Halbleiter-Boom befeuert Stromabsatz

Arizona entwickelt sich zunehmend zu einem Zentrum für Hochtechnologie. Die Ansiedlung großer Chipfabriken und moderner Fertigungsanlagen sorgt für einen sprunghaften Anstieg des Strombedarfs. Bereinigt um Wettereffekte legte der Absatz im Privatkundengeschäft um beachtliche 9,4 Prozent zu.

Um diesen Bedarf zu decken, plant Pinnacle West massive Investitionen in die Infrastruktur. Bis zum Jahr 2035 sollen allein in den Ausbau des Stromnetzes mehr als sechs Milliarden Dollar fließen. Das Management sieht in der aktuellen Entwicklung eine Notwendigkeit, Erzeugung und Verteilung konsequent zu erweitern.

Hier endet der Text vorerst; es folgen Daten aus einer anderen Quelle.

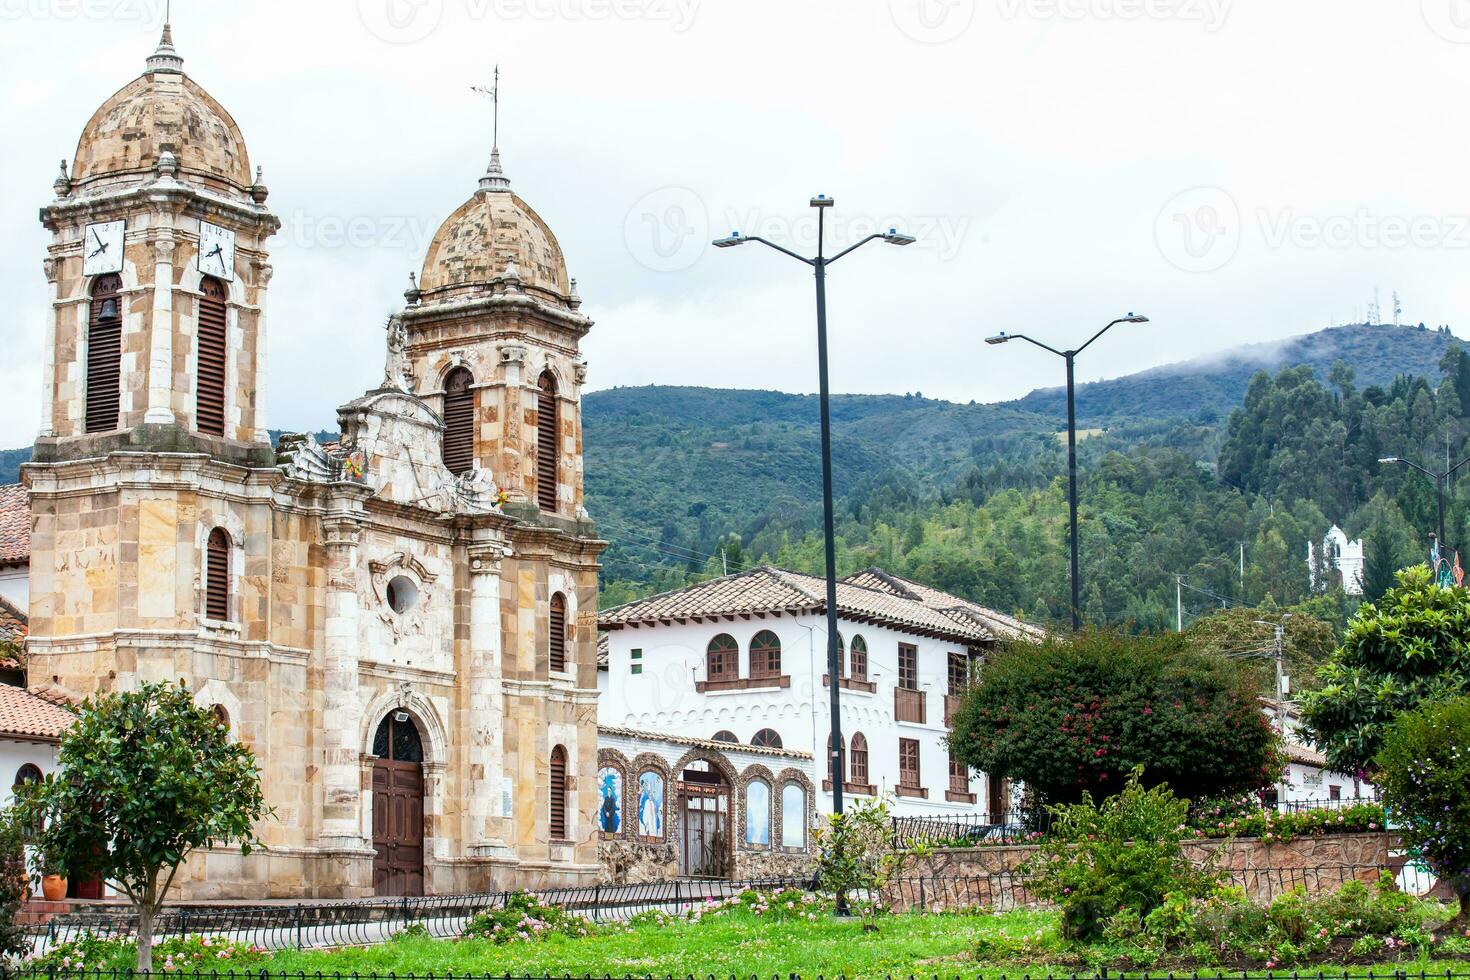 historisk vår lady av de radband kyrka på de central fyrkant av de små stad av tibasosa belägen i de boyaca avdelning i colombia foto
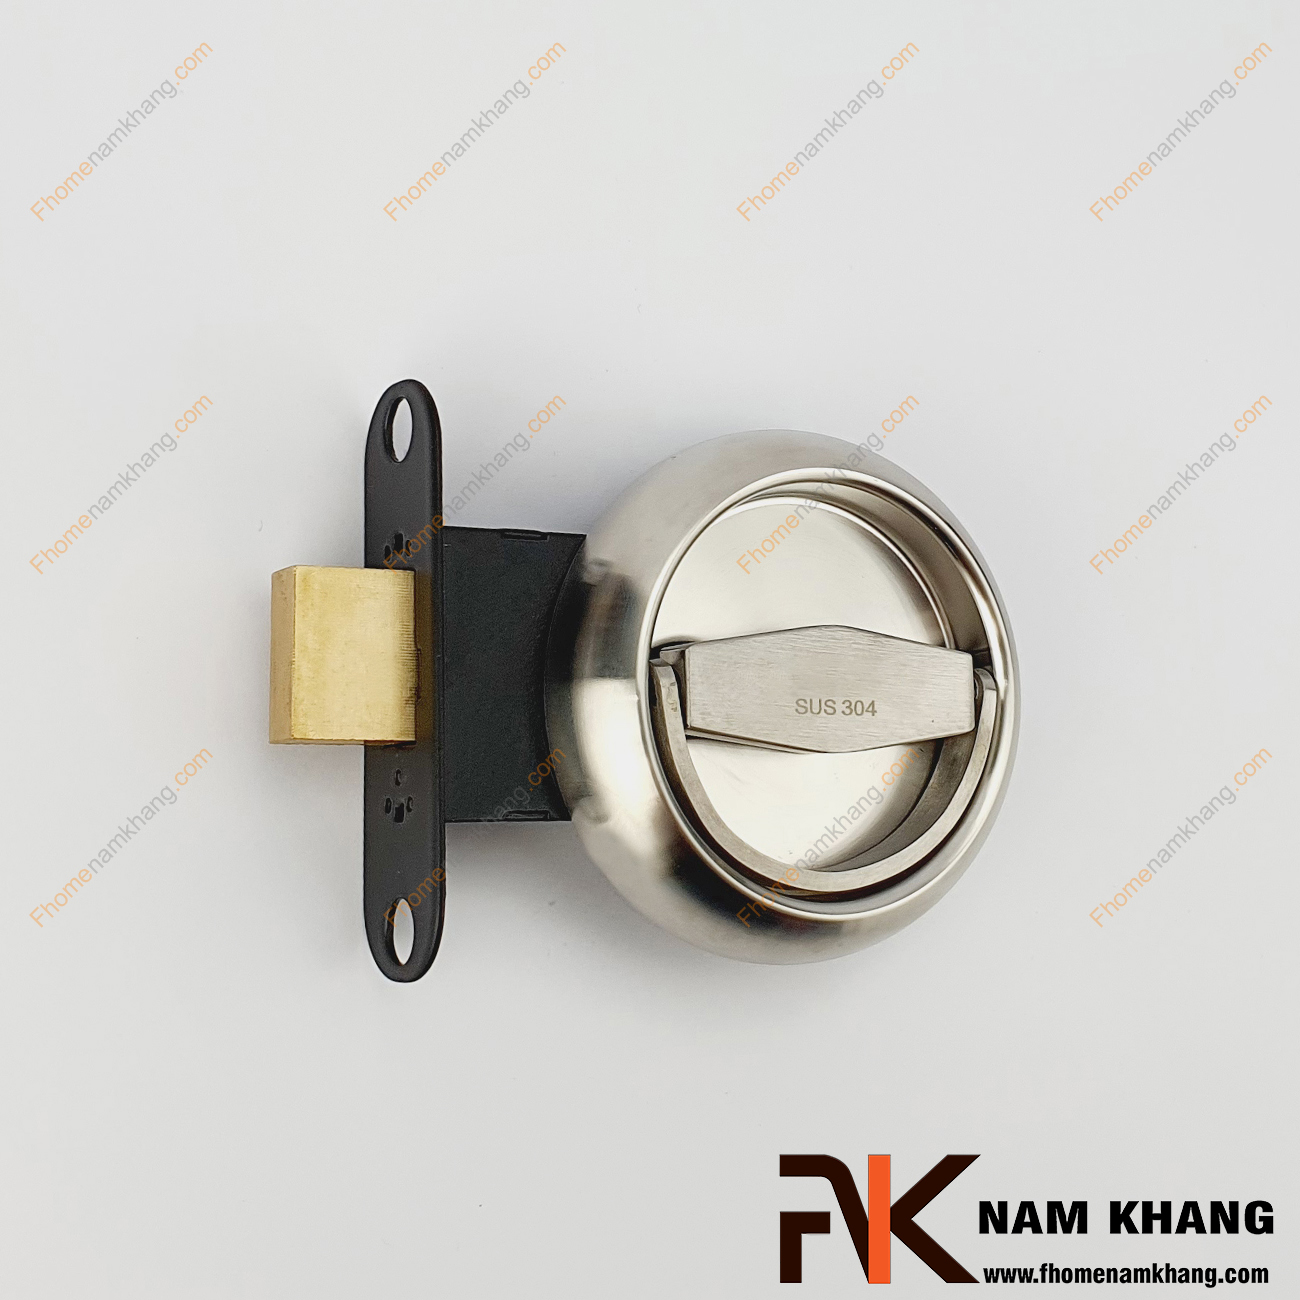 Khóa âm cửa mở dạng tròn bằng inox NK567H-GX-D là dạng dành cho các dạng cửa mở thông thường. Sản phẩm khóa này chỉ bao gồm phần hộp chốt và tay vặn để lắp đặt trong những không gian không sử dụng khóa chìa thông dụng.

Ausblick und regulatorische Weichenstellungen

Für das Gesamtjahr hält der Vorstand an seiner Prognose fest. Er erwartet einen Gewinn zwischen 4,55 und 4,75 US-Dollar je Aktie. Zum Jahresende steht zudem eine wichtige Entscheidung über das laufende Tarifverfahren an, das die künftigen Einnahmen maßgeblich beeinflussen könnte.

Im kommenden Jahr 2027 plant das Unternehmen die Lizenzverlängerung für das Kernkraftwerk Palo Verde. Ein erfolgreicher Abschluss würde die Betriebsdauer der Anlage erheblich verlängern und die langfristige Energieversorgung in der Wachstumsregion sichern.